We will develop a linear regression example, including simple linear regression, multiple linear regression, linear regression with term interaction, linear regression with higher order terms, and finally with a transformation.
The example we will develop is about predicting the median house value on the Boston Housing dataset.

We will carry out the exercise verbatim as published in the aforementioned reference and only with slight changes in the coding style.

For more details on the models, algorithms and parameters interpretation, it is recommended to check the aforementioned reference or any other bibliography of your choice.

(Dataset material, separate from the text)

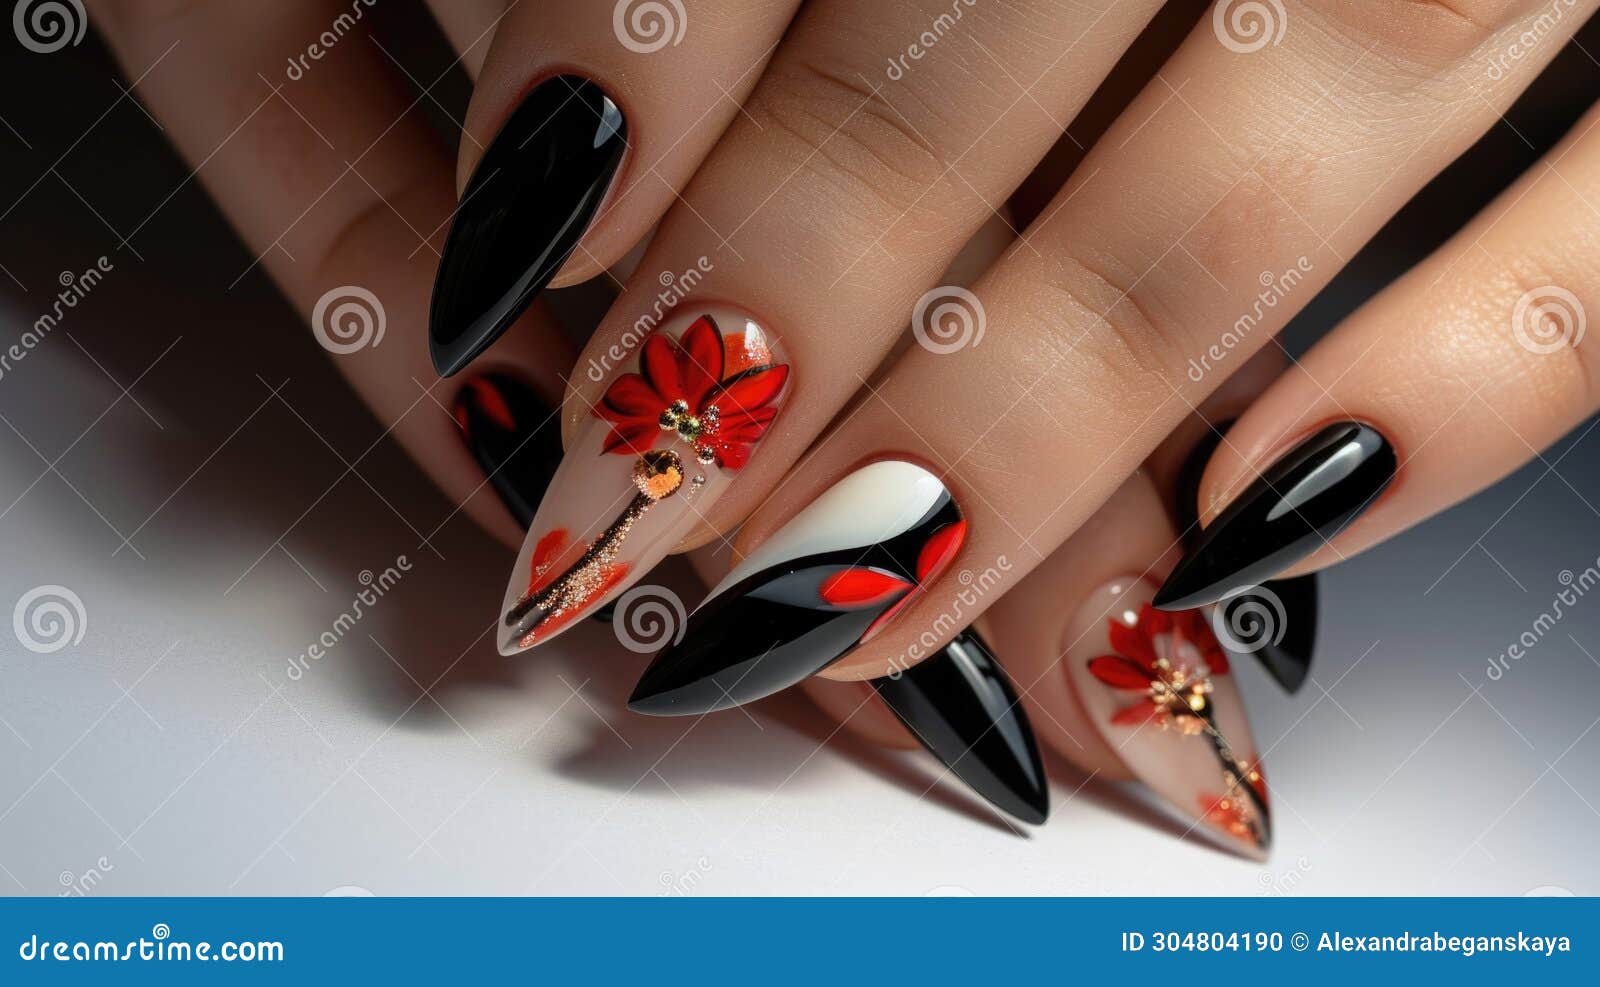 Artistic Nails Miami | This is a beautiful manicure!! We love this  technique, 3D Nail Art has been very popular this year!! . . . #3dnailart  #3dnails #beetlena... | Instagram

### install and load required packages
#install.packages("ISLR")
#install.packages("car")

library(ISLR)
library(car)

### MASS library contains the Boston dataset
library(MASS)

### explore dataset
#fix(Boston)
str(Boston)
summary(Boston)
names(Boston)

### we will seek to predict target: medv (median house value)
### using 13 predictors

### we will start with $medv as target and $lstat as predictor
### create the model
lm.fit <- lm(medv~lstat, data=Boston)

### explore the model parameters
lm.fit
summary(lm.fit)
names(lm.fit)
coef(lm.fit)

### explore confidence interval for the coefficient estimates
confint(lm.fit)

### use predict() to produce confidence intervals and prediction
### intervals for the prediction of $medv for a given value of
### $lstat
predict (lm.fit , data.frame(lstat = c(5 ,10 ,15) ),
          interval = "confidence")
predict (lm.fit , data.frame(lstat = c(5 ,10 ,15) ),
          interval = "prediction")

### 95% confidence interval associated with $lstat=10 is
### (24.47, 25.63)
### 95% prediction interval is (12.828, 37.28)
### center around a predicted value of 25.05 for $medv when
### $lstat = 10

### now plot $medv and lstat along with least squares regression
### line
plot(Boston$lstat , Boston$medv, main="Boston Housing Data",
      xlab="Percent of households with low
     socioeconomic status", ylab= "Median house value")

abline(lm.fit, col = "red", lwd = 3)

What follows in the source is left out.